🤖 AI Summary
This study addresses the challenge of accurately inverting articulatory movements (tongue/lip) from acoustic signals in speech production. We propose a stacked BiLSTM-CNN architecture with fixed-weight initialization, trained on multi-speaker electromagnetic articulography (EMA) data. The model leverages bidirectional LSTMs to capture temporal dynamics and 1D CNNs to enhance local articulatory feature representation. Evaluation employs a comprehensive multi-paradigm framework—speaker-dependent (SD), speaker-independent (SI), cross-dataset (CD), and cross-corpus (CC). Our key contribution is the novel fixed-weight initialization strategy, which drastically mitigates overfitting within very few training epochs and substantially improves generalization across speakers and corpora. Experiments on multi-source EMA datasets demonstrate faster convergence, superior robustness, and consistently higher accuracy than adaptive-weight baselines. This work establishes a new, interpretable, and highly generalizable paradigm for modeling speech production mechanisms and enabling high-fidelity articulatory-to-acoustic synthesis.
📝 Abstract
Speech production is a complex sequential process which involve the coordination of various articulatory features.

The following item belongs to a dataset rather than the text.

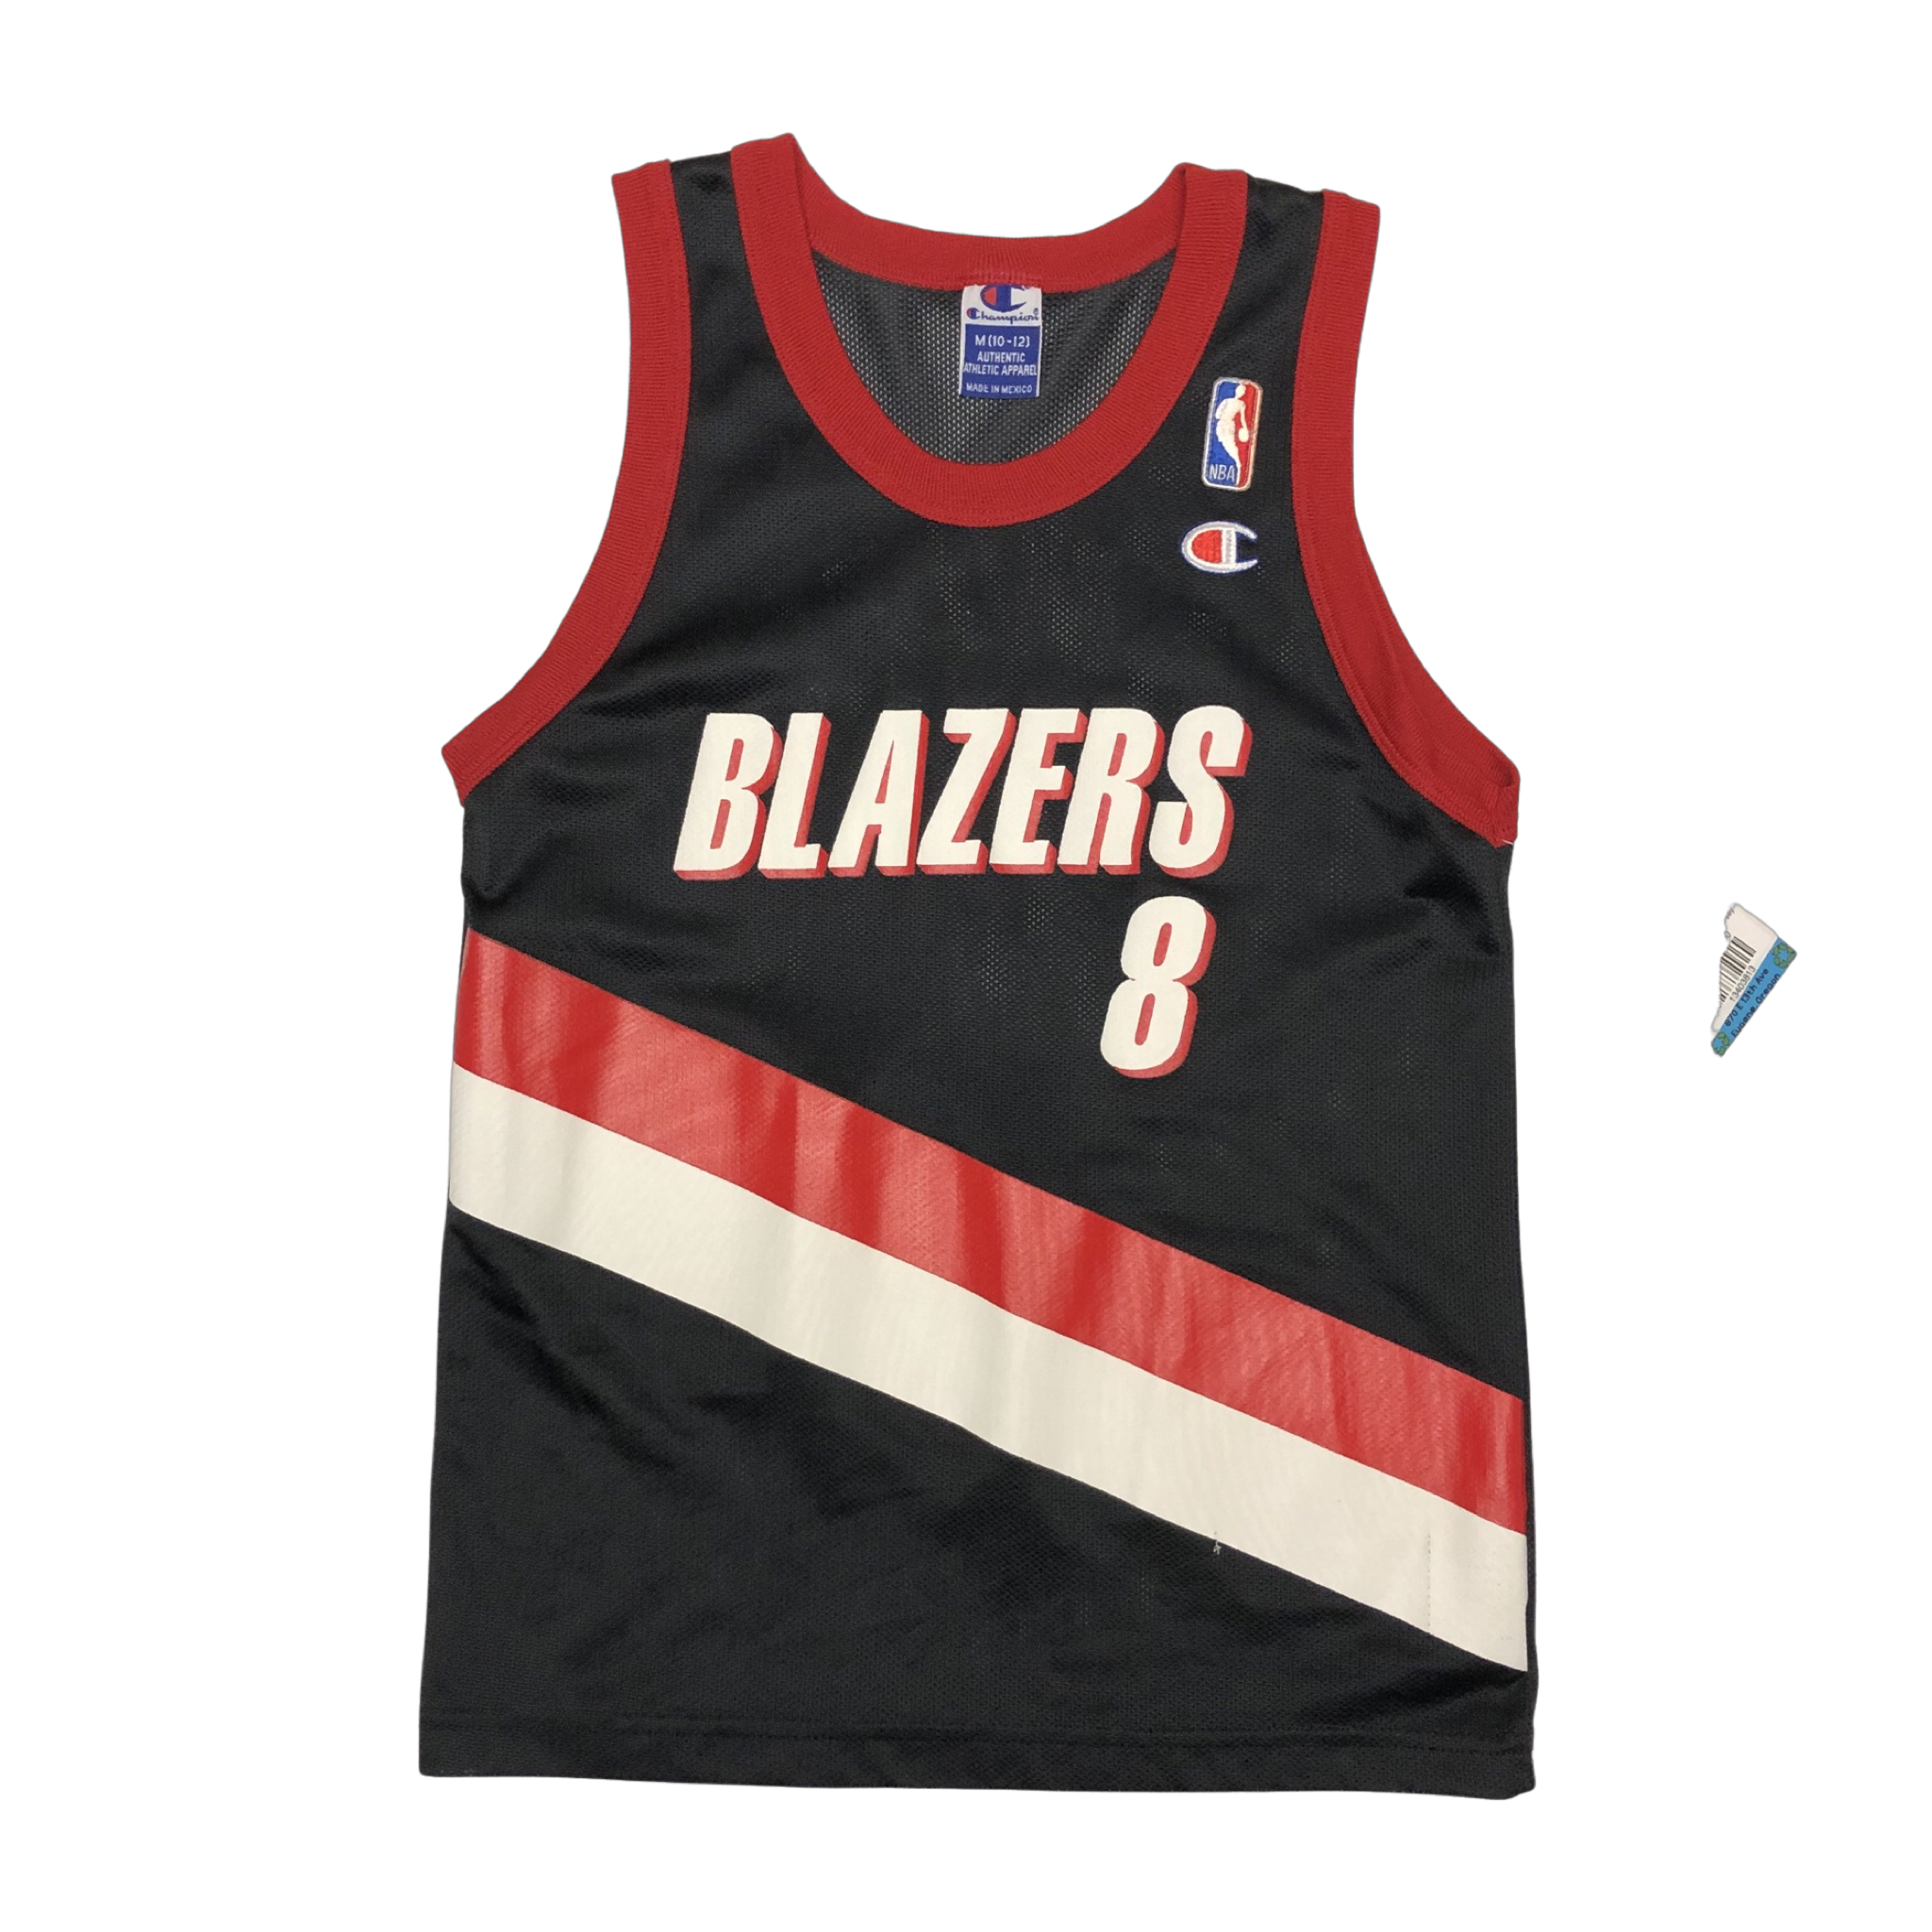 Portland Trail Blazers Team Shop in NBA Fan Shop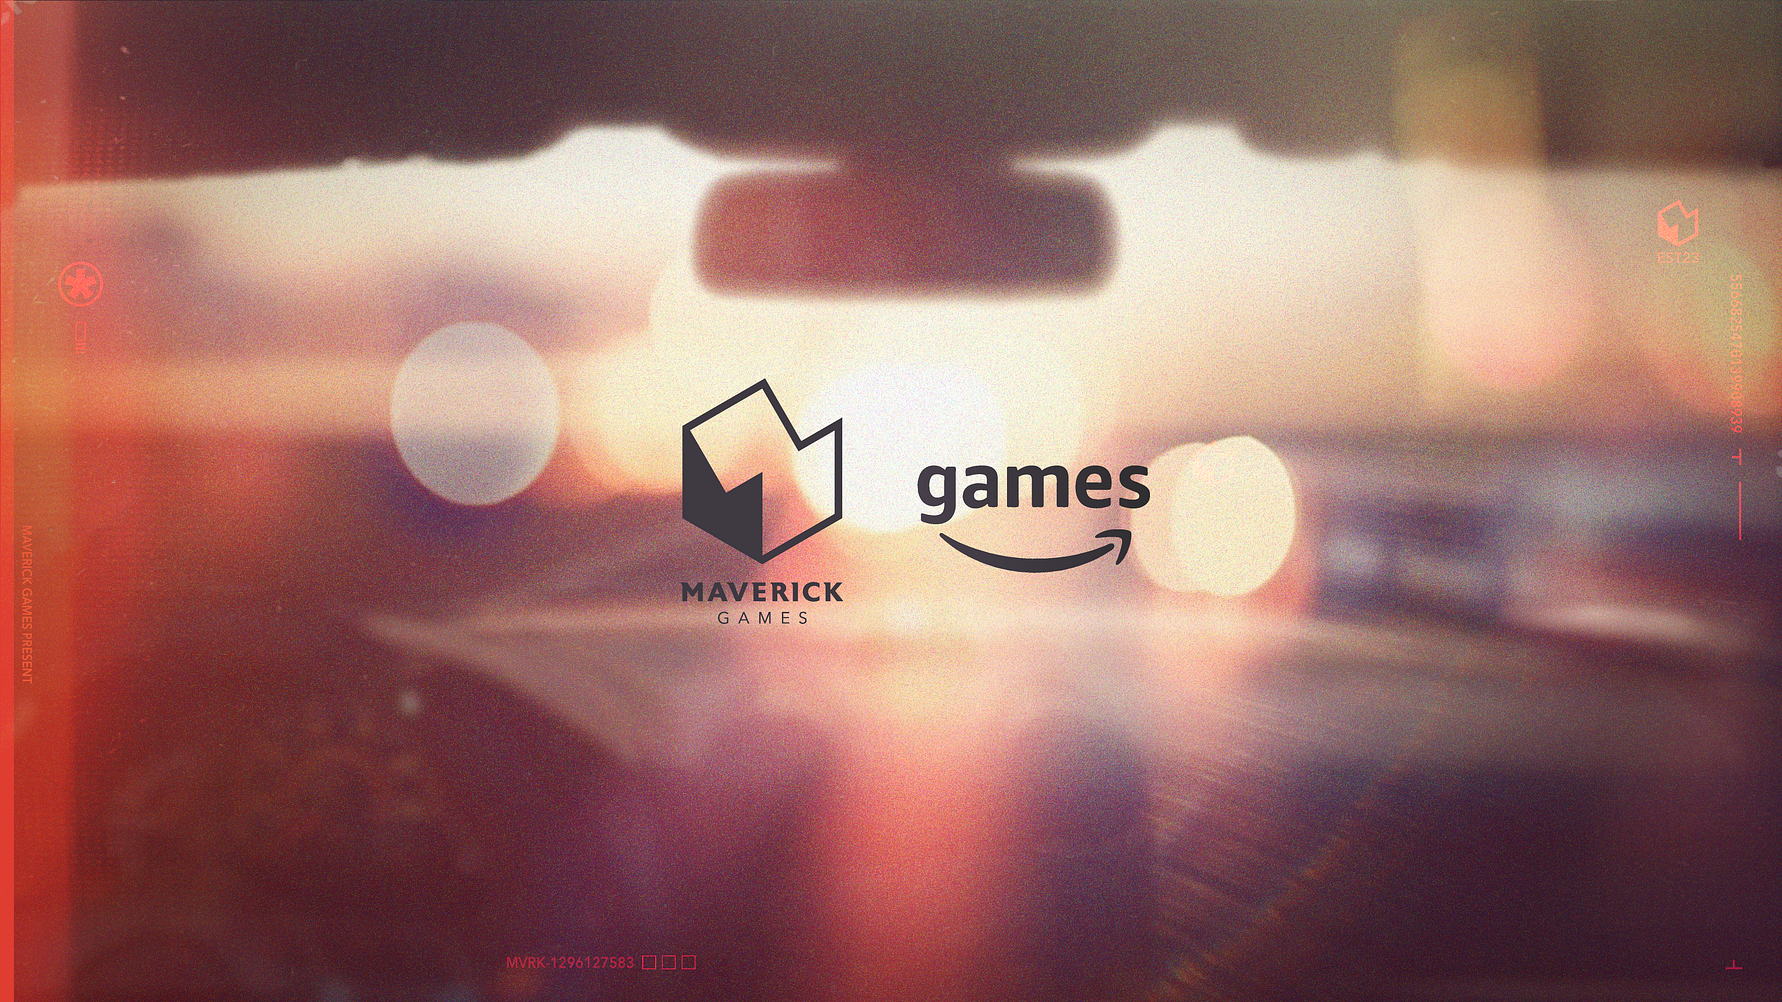 Amazon Games s’ajunta amb Maverick Games per a un nou joc de conducció de món obert

Among them tongue being a highly versatile active articulator responsible for shaping airflow to produce targeted speech sounds that are intellectual, clear, and distinct. This paper presents a novel approach for predicting tongue and lip articulatory features involved in a given speech acoustics using a stacked Bidirectional Long Short-Term Memory (BiLSTM) architecture, combined with a one-dimensional Convolutional Neural Network (CNN) for post-processing with fixed weights initialization. The proposed network is trained with two datasets consisting of simultaneously recorded speech and Electromagnetic Articulography (EMA) datasets, each introducing variations in terms of geographical origin, linguistic characteristics, phonetic diversity, and recording equipment. The performance of the model is assessed in Speaker Dependent (SD), Speaker Independent (SI), corpus dependent (CD) and cross corpus (CC) modes. Experimental results indicate that the proposed model with fixed weights approach outperformed the adaptive weights initialization with in relatively minimal number of training epochs. These findings contribute to the development of robust and efficient models for articulatory feature prediction, paving the way for advancements in speech production research and applications.